Something terrible happened on that night. Lives were wrecked. Each survivor had to deal with guilt in his or her own way. Even Anton had guilt, because he alone was spared when all the rest of his family was murdered. The film’s truest and most painful moment comes some 20 years after the assault itself. Anton happily married, father, successful, content is suddenly visited by a great ballooning emptiness.
To call it depression would be an understatement. He is overwhelmed by an awful truth: that absolute injustice exists in our world, that evil is real, that death is permanent. In some sense this picture is about how he manages to go on with his life after coming face-to-face with these facts.
Although “Assault” (one of this year’s nominees for best foreign film Oscar) asks important questions and never flinches from examining them directly, it could have been more effective than it finally turns out to be. The picture spans almost 40 years; that may be its strength but paradoxically also what keeps it from being stronger still. Its power lies in showing how one night of tragedy reverberates through time, blighting many lives over decades later on.

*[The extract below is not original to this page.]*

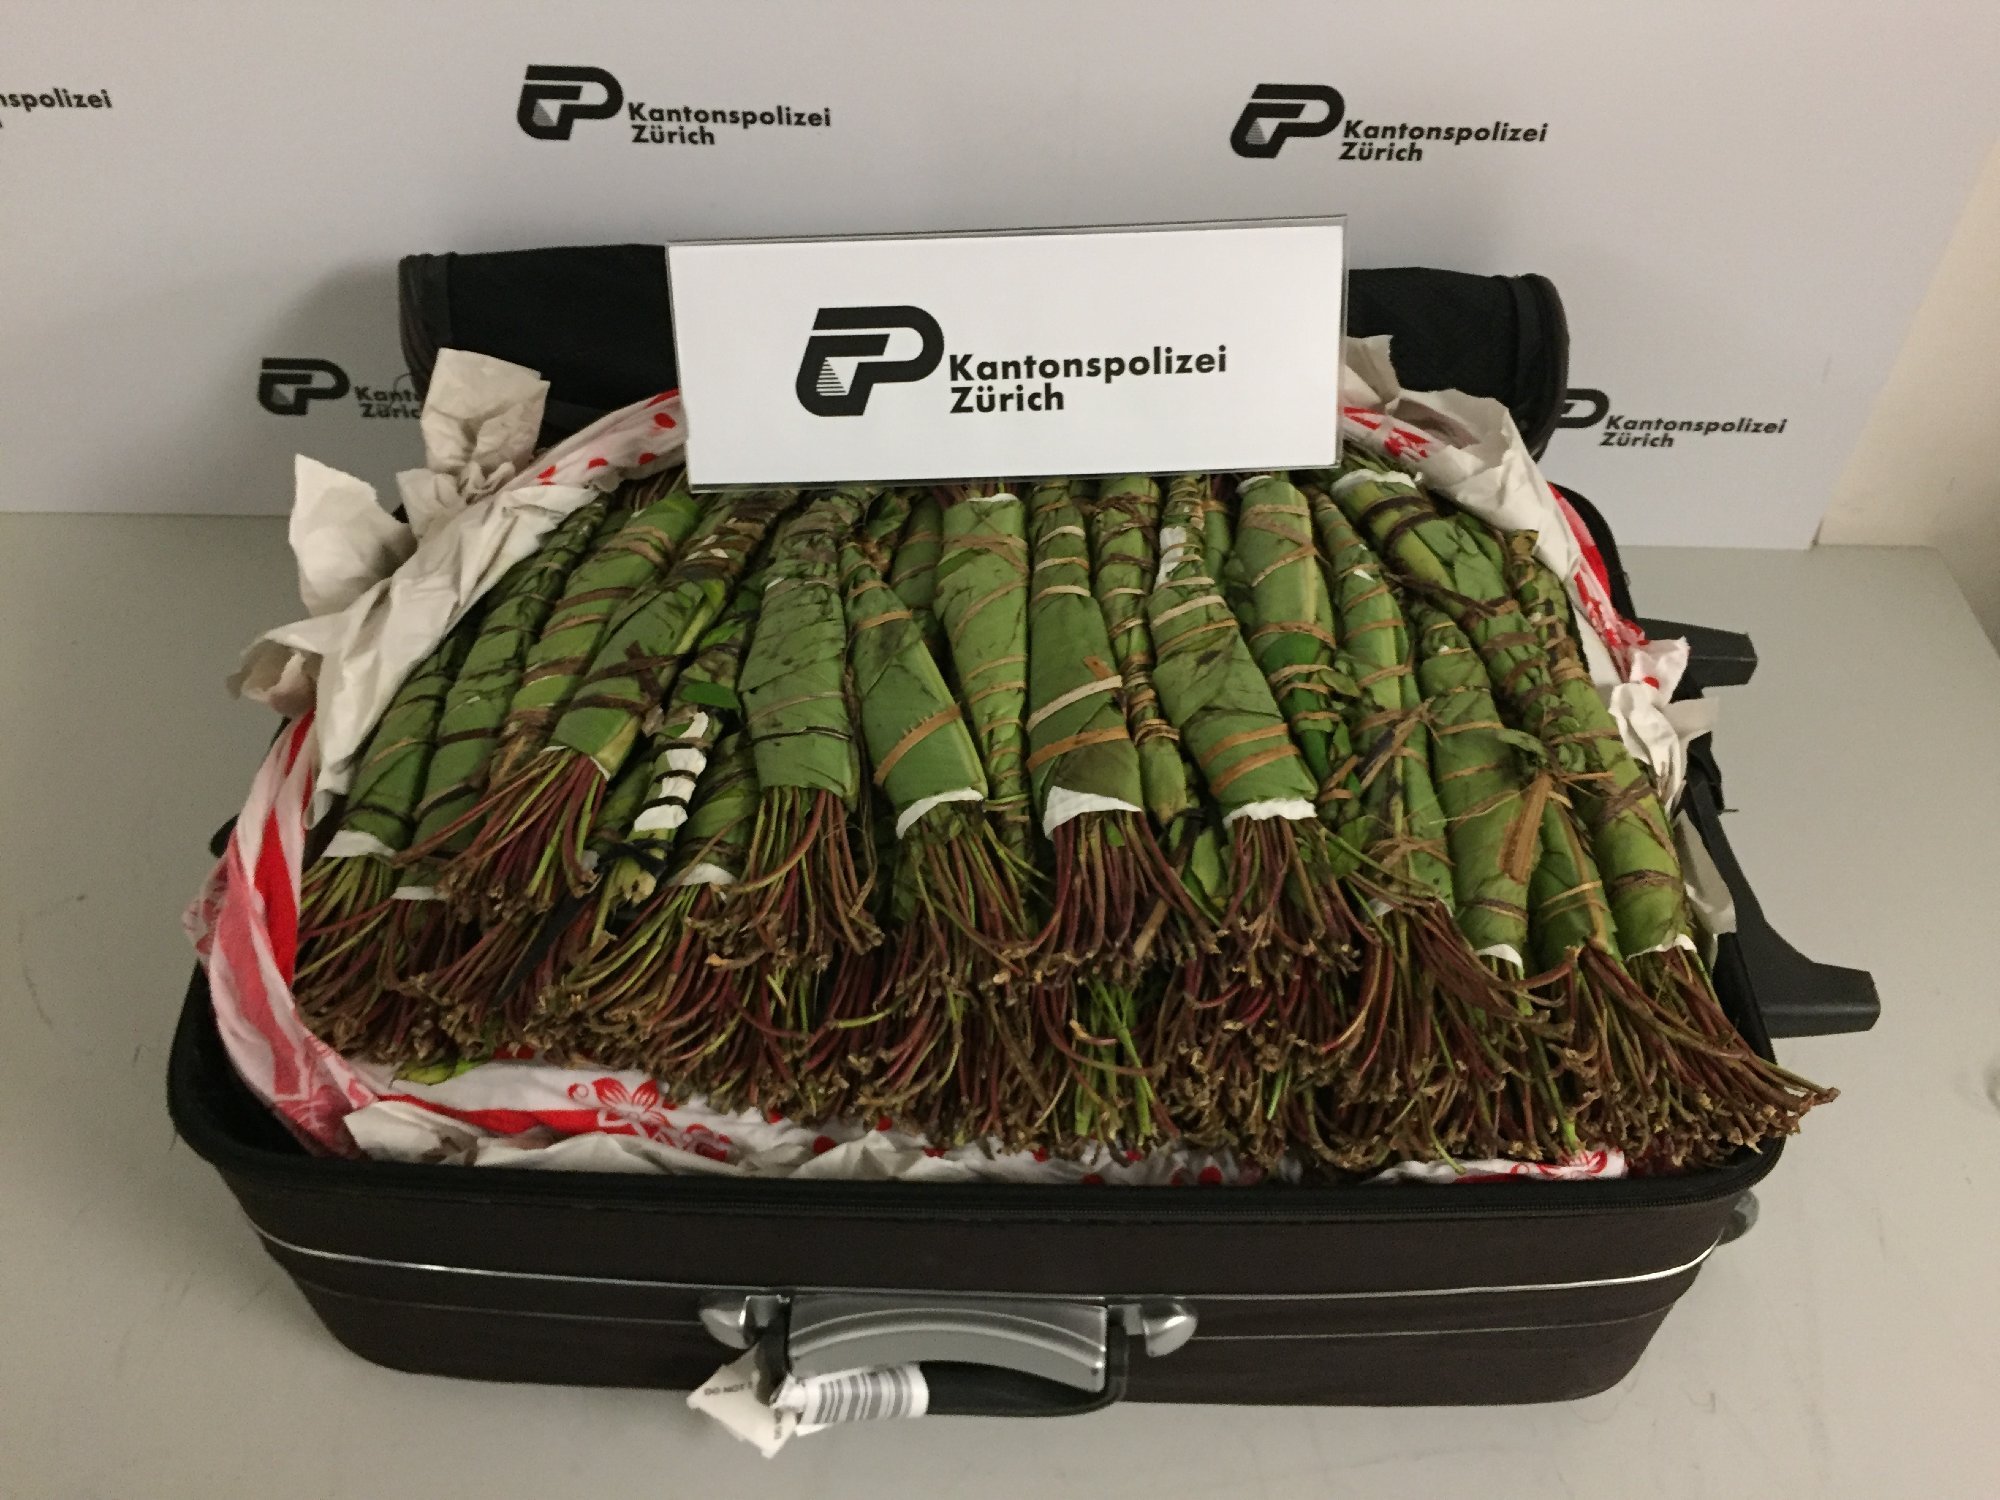 Le 9 octobre dernier, la police zurichoise et les douaniers ont trouvé environ 50 kilos de khat dissimulés dans les bagages d'un Britannique.

Multiply this assault by a million others, and you’ll have some idea of how much destruction the war has caused.
But in covering so many lives for so many years, the movie also loses some energy and focus. The canvas is too broad.
What I remember best are the small moments, one in particular: Anton is comforted in a jail cell by the young woman partisan who killed his family on the night of the attack. Years later, he gets to meet her partner through a coincidence and tells him that she was in love with him something he’d never known before when the man is old and sick.